Byzantine Military General

Coutzes or Cutzes (Κούτζης; ) was a general of the Byzantine Empire during the reign of Emperor Justinian I.

==Biography==
Coutzes appears in the sources in 528, as joint dux of Phoenice Libanensis together with his brother, Bouzes. The dual command had been instituted the year before by Emperor Justinian I, and Coutzes led the troops stationed at Damascus, while his brother led the troops at Palmyra. The 6th-century historian Procopius described both brothers as being young at the time. Coutzes also had another brother, Benilus or Venilus, and was most probably the son of the general and rebel Vitalian.

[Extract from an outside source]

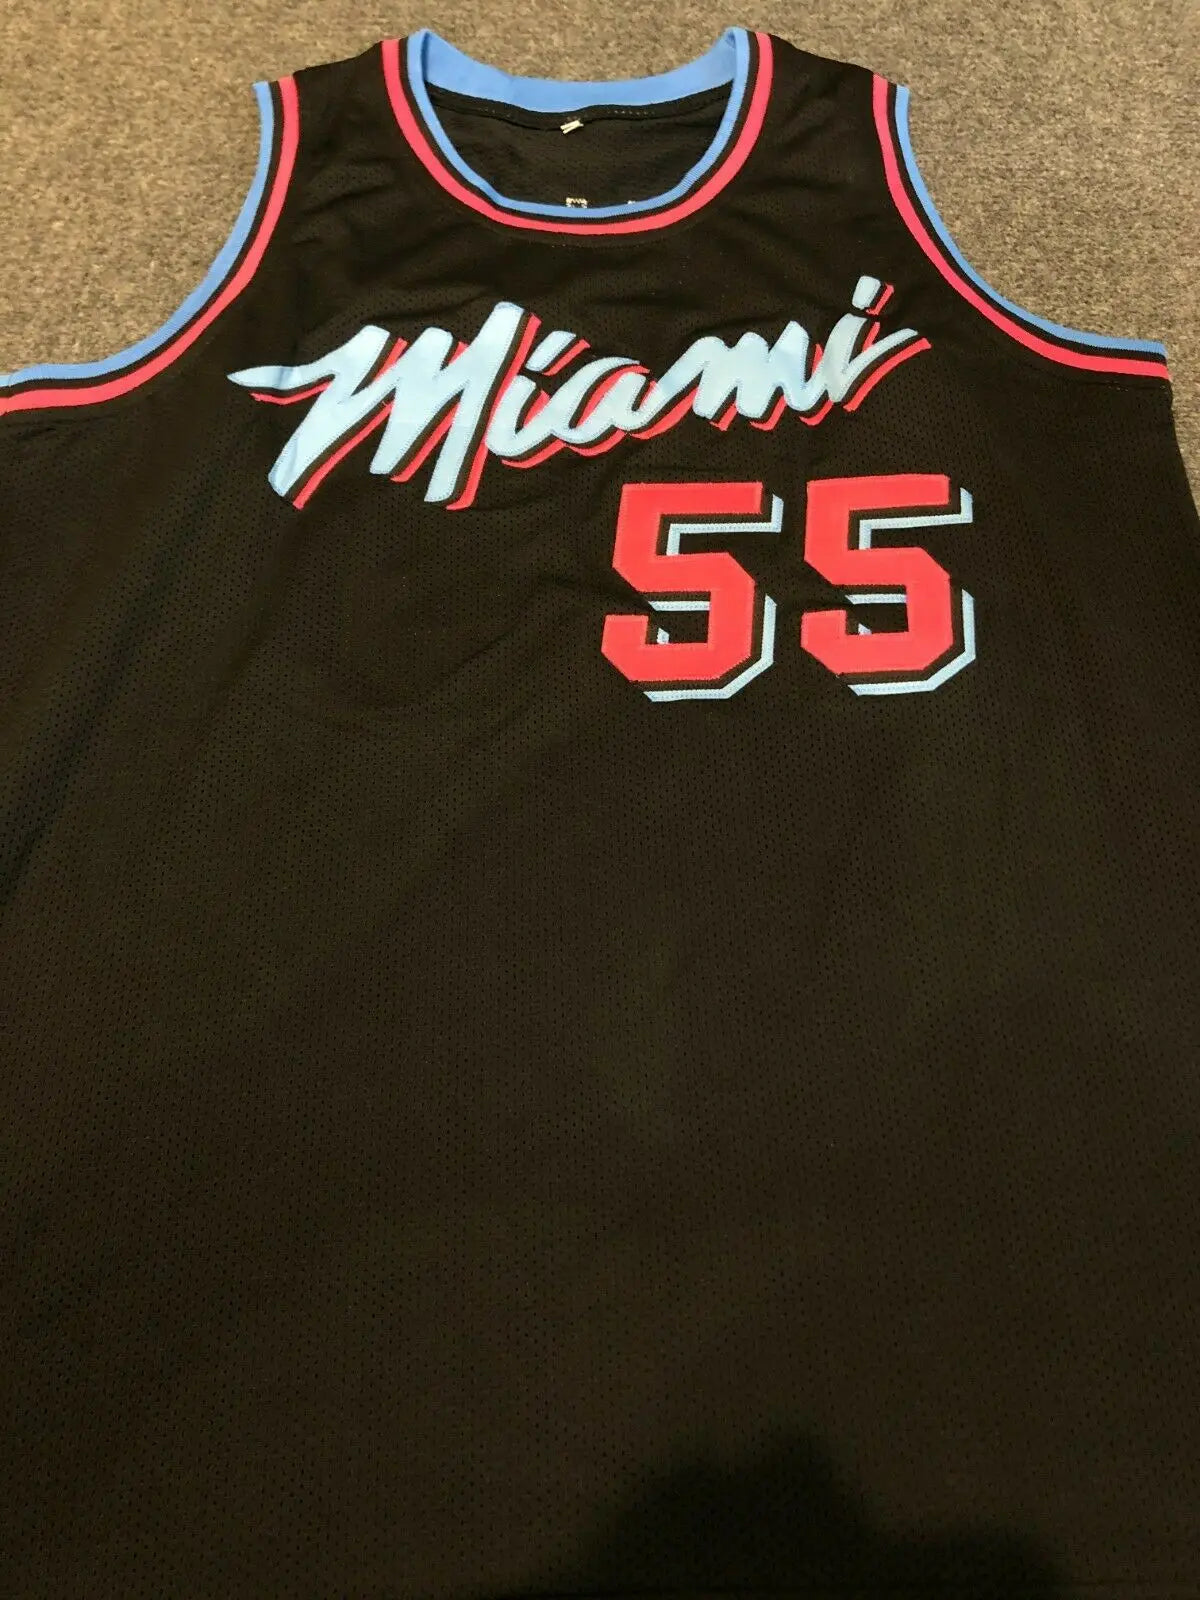 Miami Heat Jason Williams Autographed Signed Miami Vice Jersey Psa
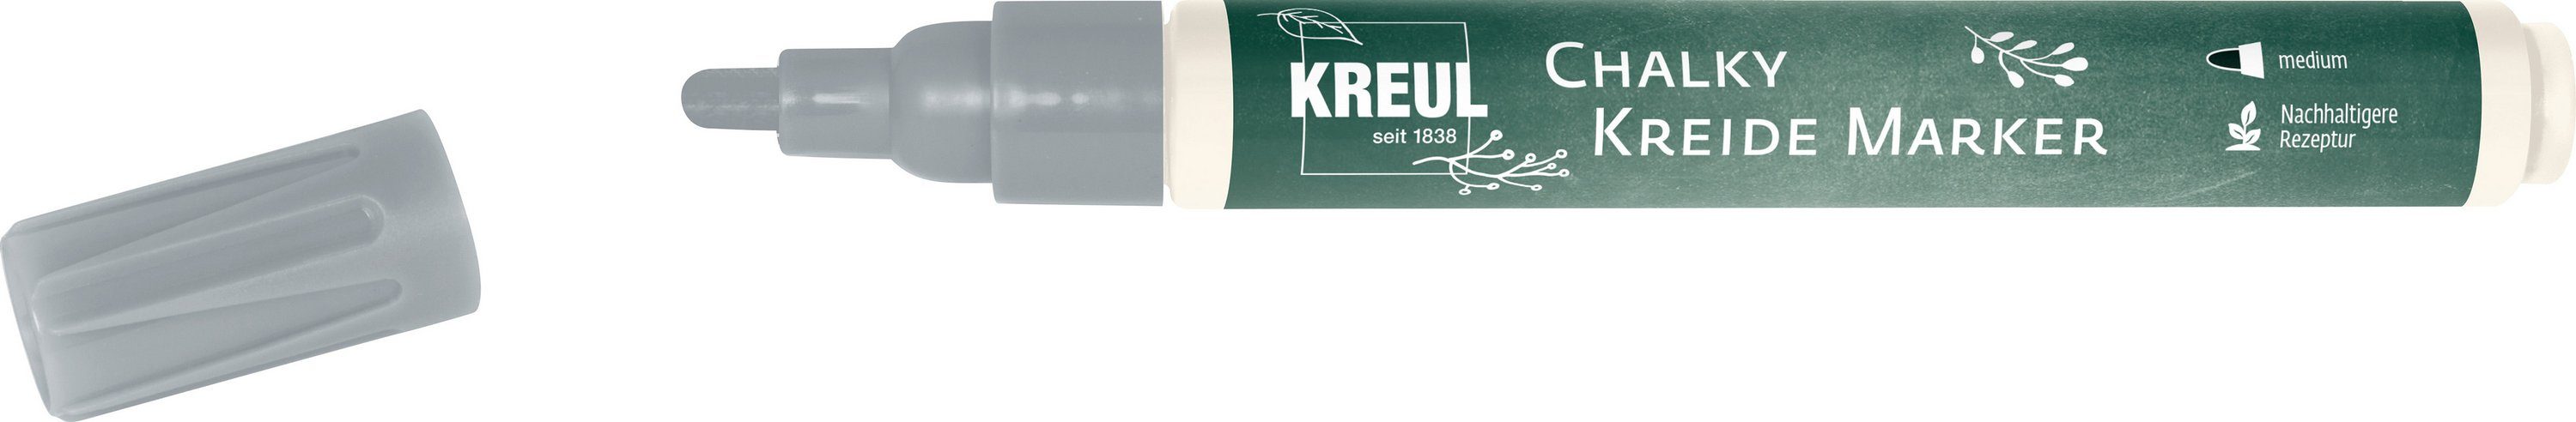 Kreul Kreidemarker Chalky, 2-3mm Strichstärke Silver Show | Marker

In 528, a year after the outbreak of the Iberian War against Sassanid Persia, the two brothers were ordered, along with other commanders, to reinforce Belisarius (then dux Mesopotamiae) who was protecting the construction of a fort at Thannuris. When the Byzantines attacked a Persian army, however, they suffered a heavy defeat in the Battle of Thannuris. Coutzes's fate is uncertain; Procopius writes that he was taken prisoner and never seen again, while Zacharias of Mytilene records that he was killed.

==Sources==
- Greatrex, Geoffrey (2002). "The Roman Eastern Frontier and the Persian Wars (Part II, 363–630 AD)"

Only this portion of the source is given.